The space that we will personally be watching closely is that of developer workflows. As an industry, we need more ways to connect observability to the act of writing and shipping code, as early as possible (see Chapter 11). As an industry, we need to continue to collapse the space between input (writing code) and output (running code). Few developers have the tooling today to get fast feedback on how the behavior of their code changes after each deployment. Developers need to closely understand how changes to their code impact users in production with each new iteration. Incredibly few developers have the ability to actually do that. But, for those developers who do, the difference in experience is transformational.

Anecdotally, we hear stories from these developers about how that experience is so foundationally necessary that they can’t imagine working without that ability ever again. Quantitatively, we’re starting to see tangible benefits materialize: the ability to move faster, waste less time, make fewer errors, and catch those few errors more swiftly when they do occur (see Chapter 19). In short, learning how to use observability helps them become better software engineers. We believe the industry needs fundamentally better developer workflows in production, and we predict observability will be the path for many to get there.

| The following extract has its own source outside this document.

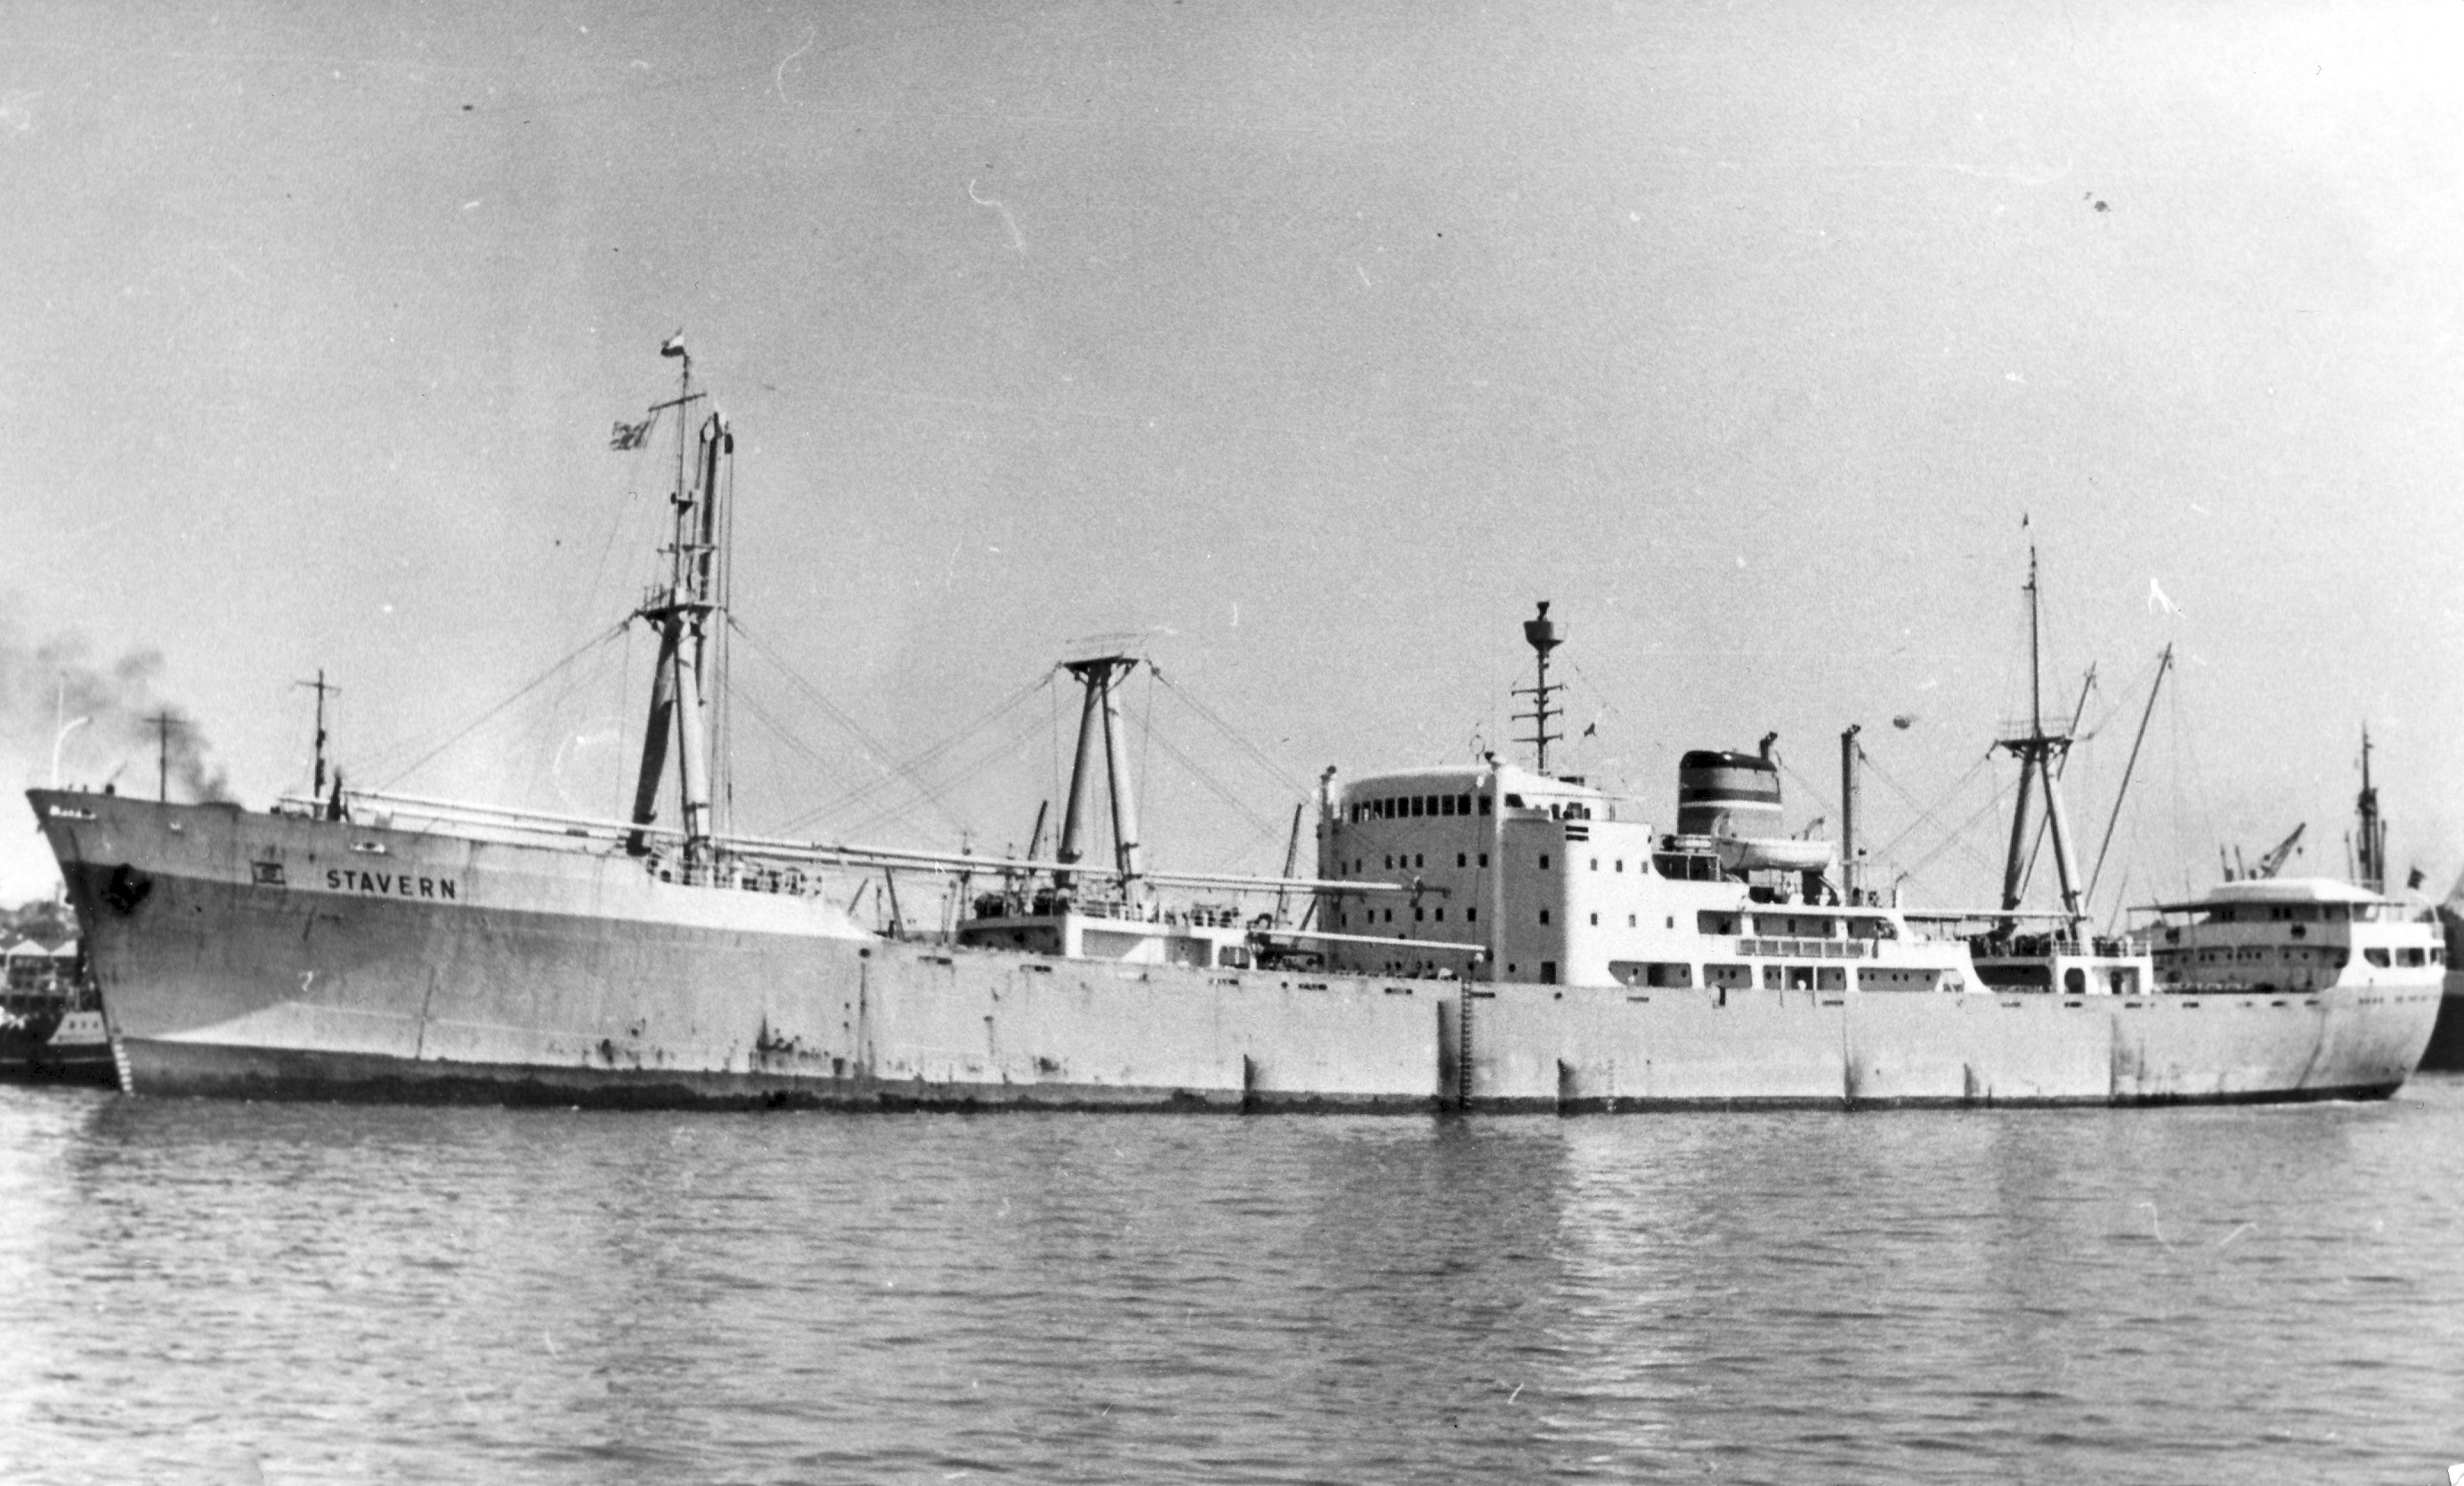 Stavern 1960 Safmarine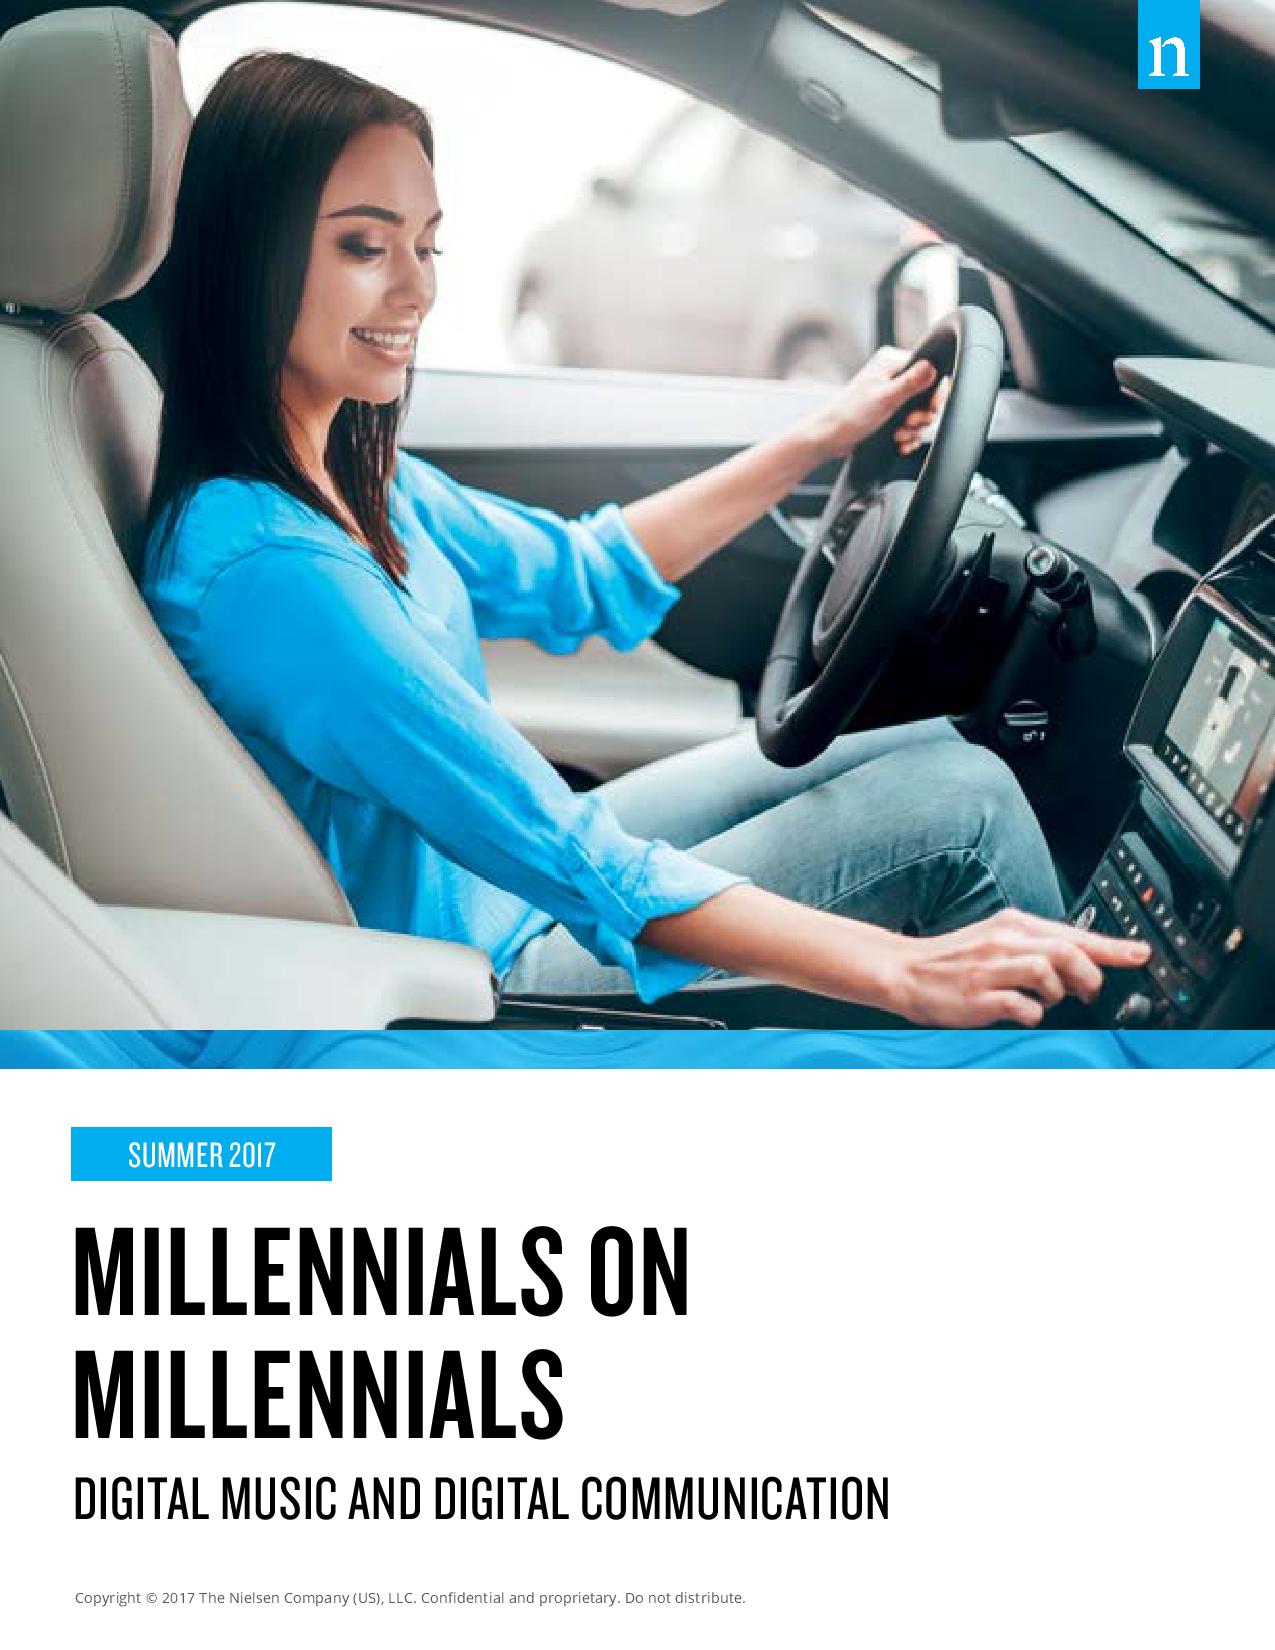 millennials-on-millennials-report-aug-2017-page-001

Can observability lower the bar to achieve that type of transformational experience for more developers? Will those dopamine hits of feeling like a freaking wizard every time you solve a previously unsolvable problem in production be enough to keep the surge of observability adoption going? Can we, as an industry, make observability more accessible to every engineering team?

Time will tell. Watch this space. And let us know how you’re progressing. You can always drop us a line on Twitter: @mipsytipsy, @lizthegrey, and @gmiranda23 (respectively).

Charity, Liz, and George

1 Vera Reynolds, for example, provides the tutorial “OpenTelemetry (OTel) Is Key to Avoiding Vendor Lock-in” on sending trace data to Honeycomb and New Relic by using OTel.